Streamkeeper News
Bio Blitz a Success!
This year, our goal was to surpass last year's participation. However, the global pandemic presented quite a challenge. No longer able to host bio blitz events for groups, we encouraged neighbors to go out on their own, around their house and local parks, while maintaining proper social distancing guidelines.

The pandemic didn't stop people from connecting with nature! We surpassed 1,500 hundred observations of over 450 species by 82 people. TTF also participated in the City Nature Challenge from April 24-27. Philadelphia came in 6th place globally!

Missed the bio blitz? That's okay, you can still submit observations to our wildlife page! Read our blog. Interested in learning more? Contact

Even in these challenging times, we have continued to engage residents on topics of interest. So far this spring, we have collaborated with Pennypack Ecological Restoration Trust, and Wissahickon Trails to host a series of three virtual workshops. These workshops cover basic watershed information, as well as things that we can do to improve the health of our watersheds and get involved. Watch these workshops on our new Youtube channel!

Want to learn more about a topic? Contact us with your ideas for webinars:
Click on the image below to watch this valuable webinar.
Update: Creek Care Day
The spring is normally a busy time for planting and maintaining our restoration projects. We have cancelled our creek care days. We have also postponed the planting at our newest restoration site, Cheltenham Township's Conklin Pool, until the fall.

However, we are trying something a little different! We're distributing free Cleanup kits to interested residents. These kits come in a special bag and include a trash picker, gloves, and bags for trash and recycling. We've distributed over 20 kits to people who want to help by cleaning up their block or park on their own or with their family. Want a kit or have some ideas about how you can help out? Contact or 215-744-1853
Streamkeeper Spotlight: Greta Bunin
When did you start as a TTF Streamkeeper?

Summer 2018

Where is your site?

Leeches Run in Elkins Park, near Old York Road, it's a short stretch between sections where it goes under roads.

Why do you volunteer with TTF?
Despite a career in science, I had never done field work of any kind and thought this would be a way to do field work in a small way and learn about the local streams, critters that live in and near them, and their problems and strengths.
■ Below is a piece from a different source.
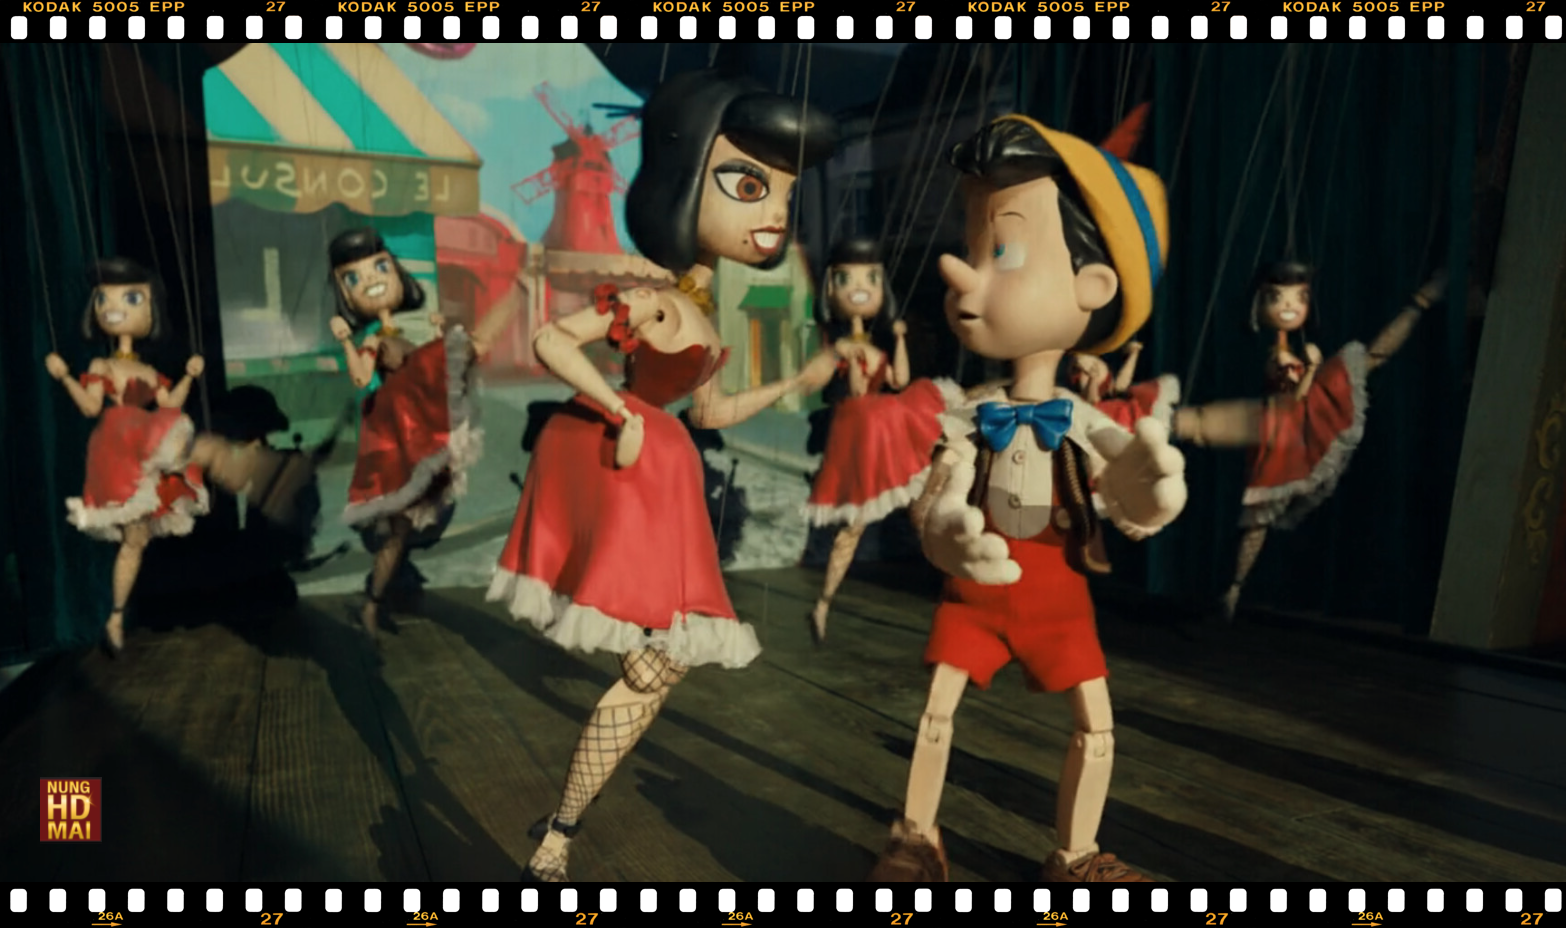 รีวิวหนัง Pinocchio หุ่นไม้ที่มีชีวิตจริง น่าดู
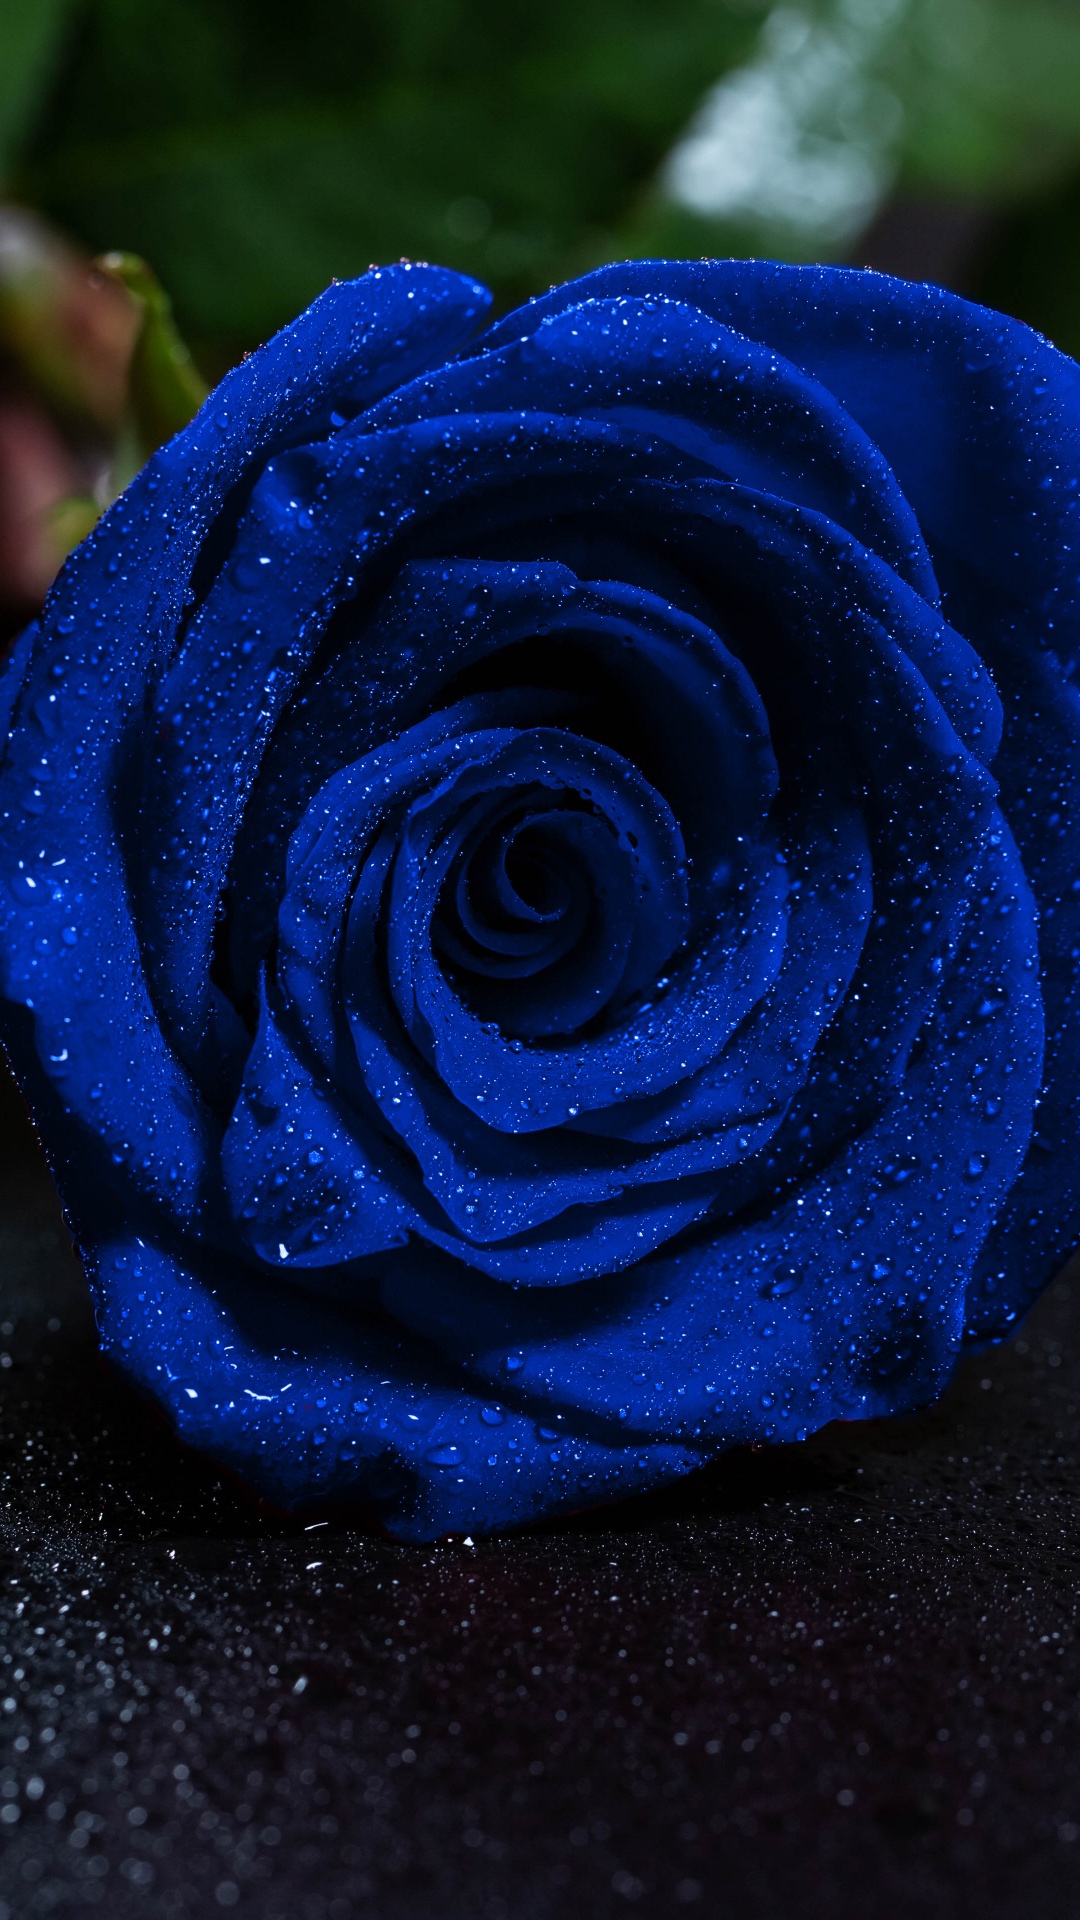 蓝玫瑰, 显花植物, 玫瑰花园, 钴蓝色的, 玫瑰家庭 壁纸 1080x1920 允许

I've enjoyed seeing "my" stream in different seasons with slower or faster flow, fish or no fish, vegetation on the banks that makes it more difficult to get down to the stream or not, etc. One thing I love about living in this area is that there are streams everywhere. I always find the sight and sound of water running in the streams to be relaxing. 

Tell us about yourself!
I was born in NY but have lived in the Philly area for about 35 years! I moved here for a job and here I am still. I live with my husband, our dog and cat and have a daughter in college. I enjoy walking, biking, spending time with friends and family (by zoom if necessary). During the pandemic, I have finally had time to attend to our compost bin to get it to work better and have planted some peas, beans, and parsley.
Valuable Training Opportunities
Unfortunately, the spring the tour of the Abington Waste Water Treatment Plant and Macro Invertebrate Training by the Izaak Walton League have been put on hold for now. However, we have transitioned to offering trainings online, and have hosted two virtual training sessions so far.

The first was a presentation by the Academy of Natural Sciences on visual algae assessments. The second training was an introduction to the Streamkeeper program for new volunteers, and a refresher for current Streamkeepers.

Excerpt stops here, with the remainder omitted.